分类: 生物学 >> 生物物理学 提交时间: 2016-05-05
摘要: Accumulated studies demonstrate that saturated fatty acids (FAs) such as palmitic acid (PA) inhibit insulin signaling in skeletal muscle cells and monounsaturated fatty acids such as oleic acid (OA) reverse the effect of PA on insulin signaling. The detailed molecular mechanism of these opposite effects remains elusive. Here we provide a comparative proteomic study of skeletal myoblast cell line C2C12 that were untreated or treated with PA, and PA plus OA. A total of 3437 proteins were quantified using SILAC in this study and 29 proteins fall into the pattern that OA reverses PA effect.

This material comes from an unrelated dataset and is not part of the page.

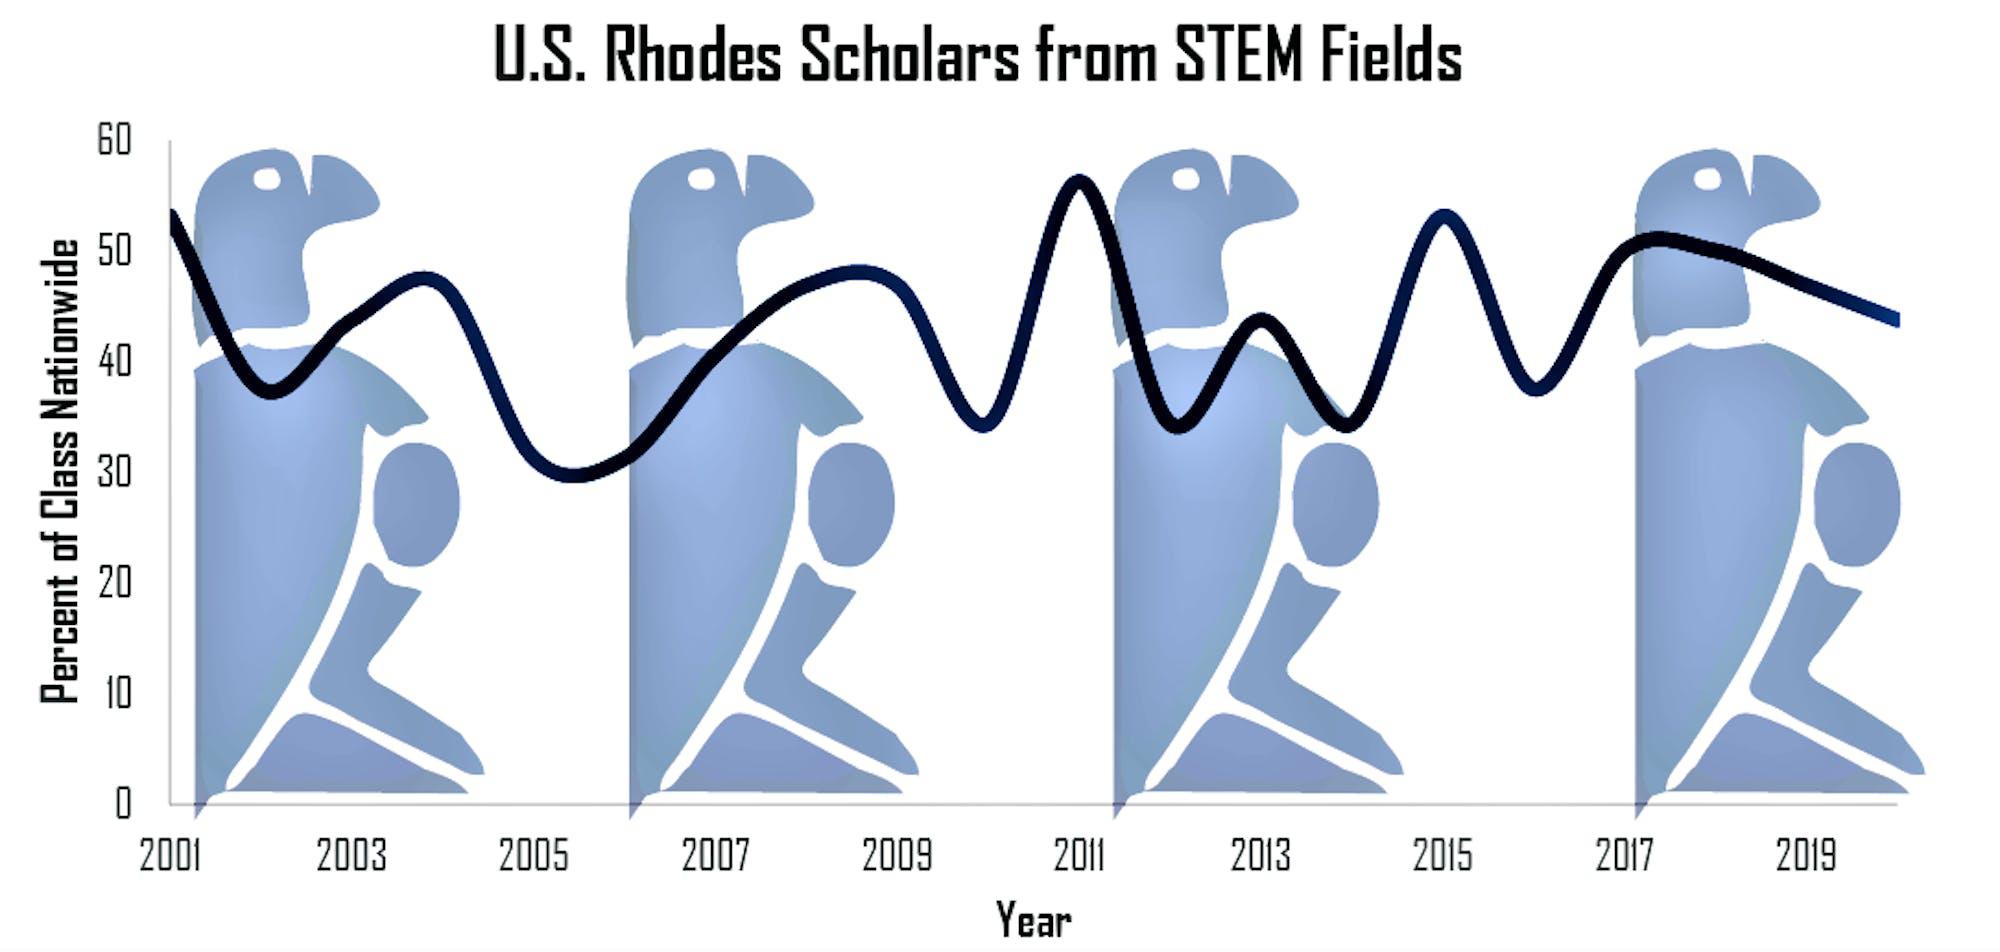 national-statistics-on-rhodes-scholars-from-stem-fields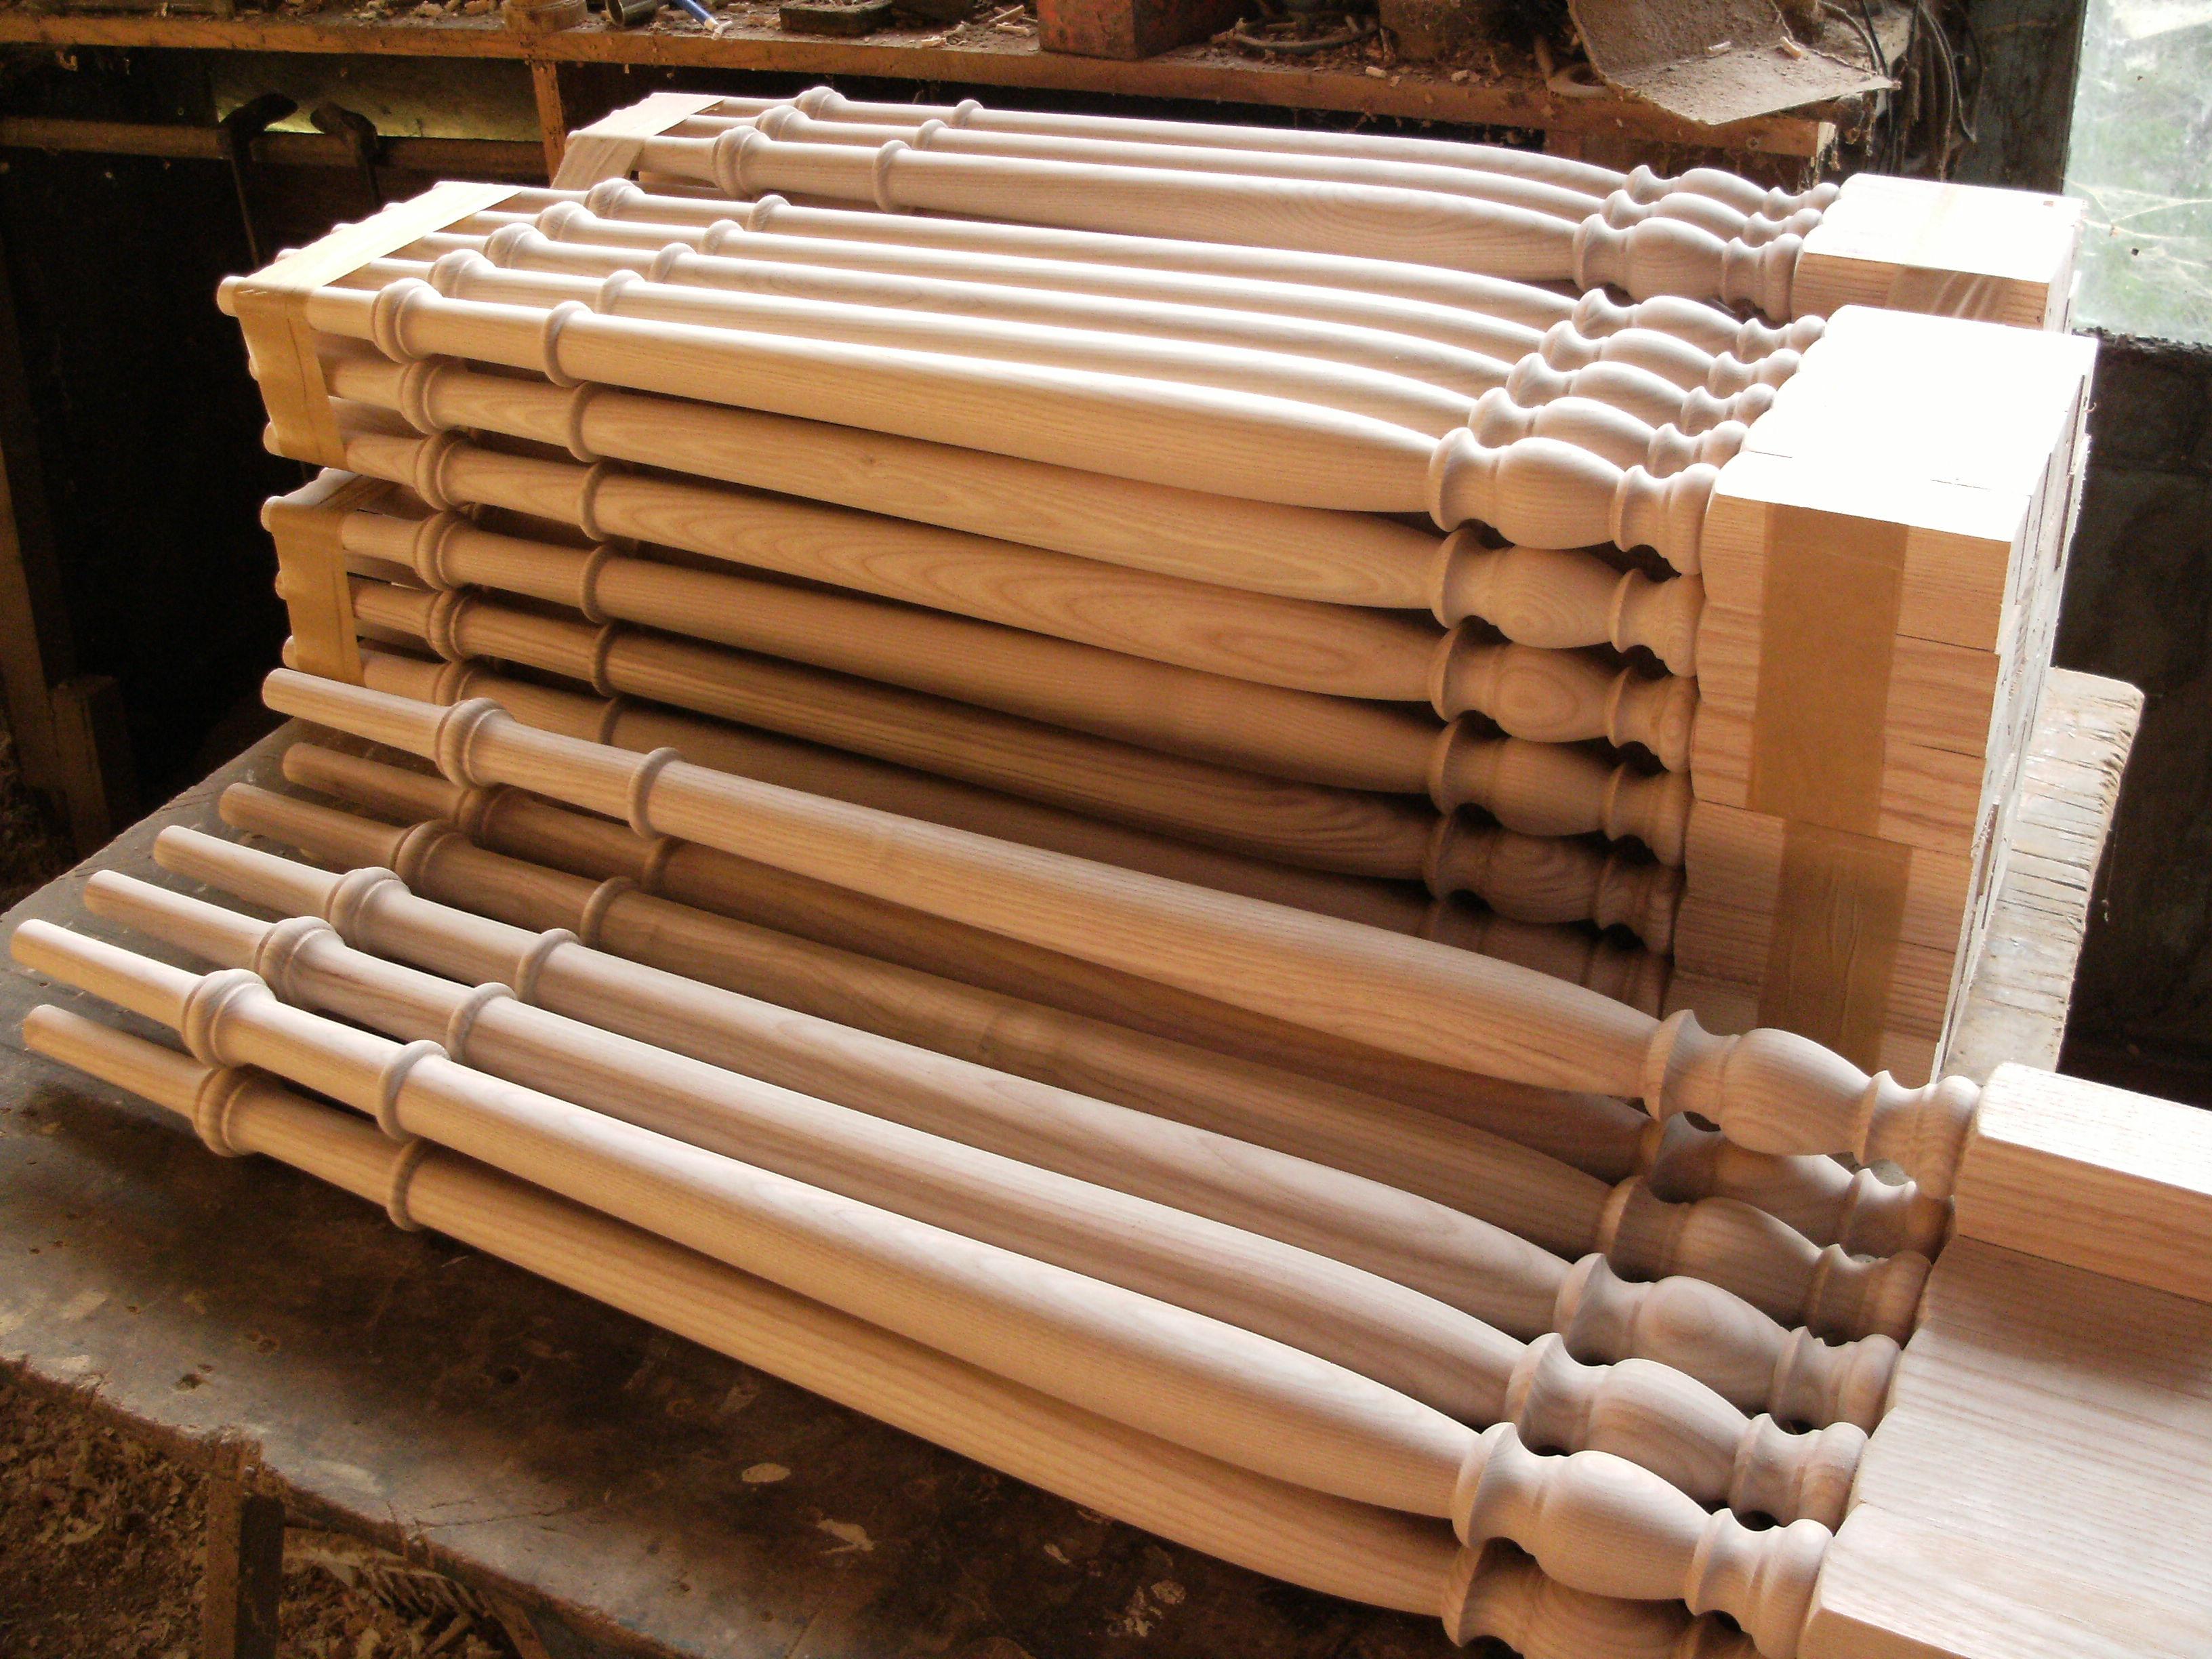 3 tr s beau escalier et garde corps cintr en fr ne. Black Bedroom Furniture Sets. Home Design Ideas

Expression of some these proteins were verified using qRT-PCR and Western blot. The most significant change was cyclooxygenase-2 (Cox-2). In addition to whole cell comparative proteomic study, we also compared lipid droplet (LD)-associated proteins and identified that Cox-2 was one of three major altered proteins under the FA treatment. This finding was then confirmed using immunofluorescence. Finally, Cox-2 selective inhibitor, celecoxib protected cells from PA-reduced insulin signaling Akt phosphorylation. Together, these results not only provide a dataset of protein expression change in FA treatment but also suggest that Cox-2 and lipid droplets (LDs) are potential players in PA- and OA-mediated cellular processes.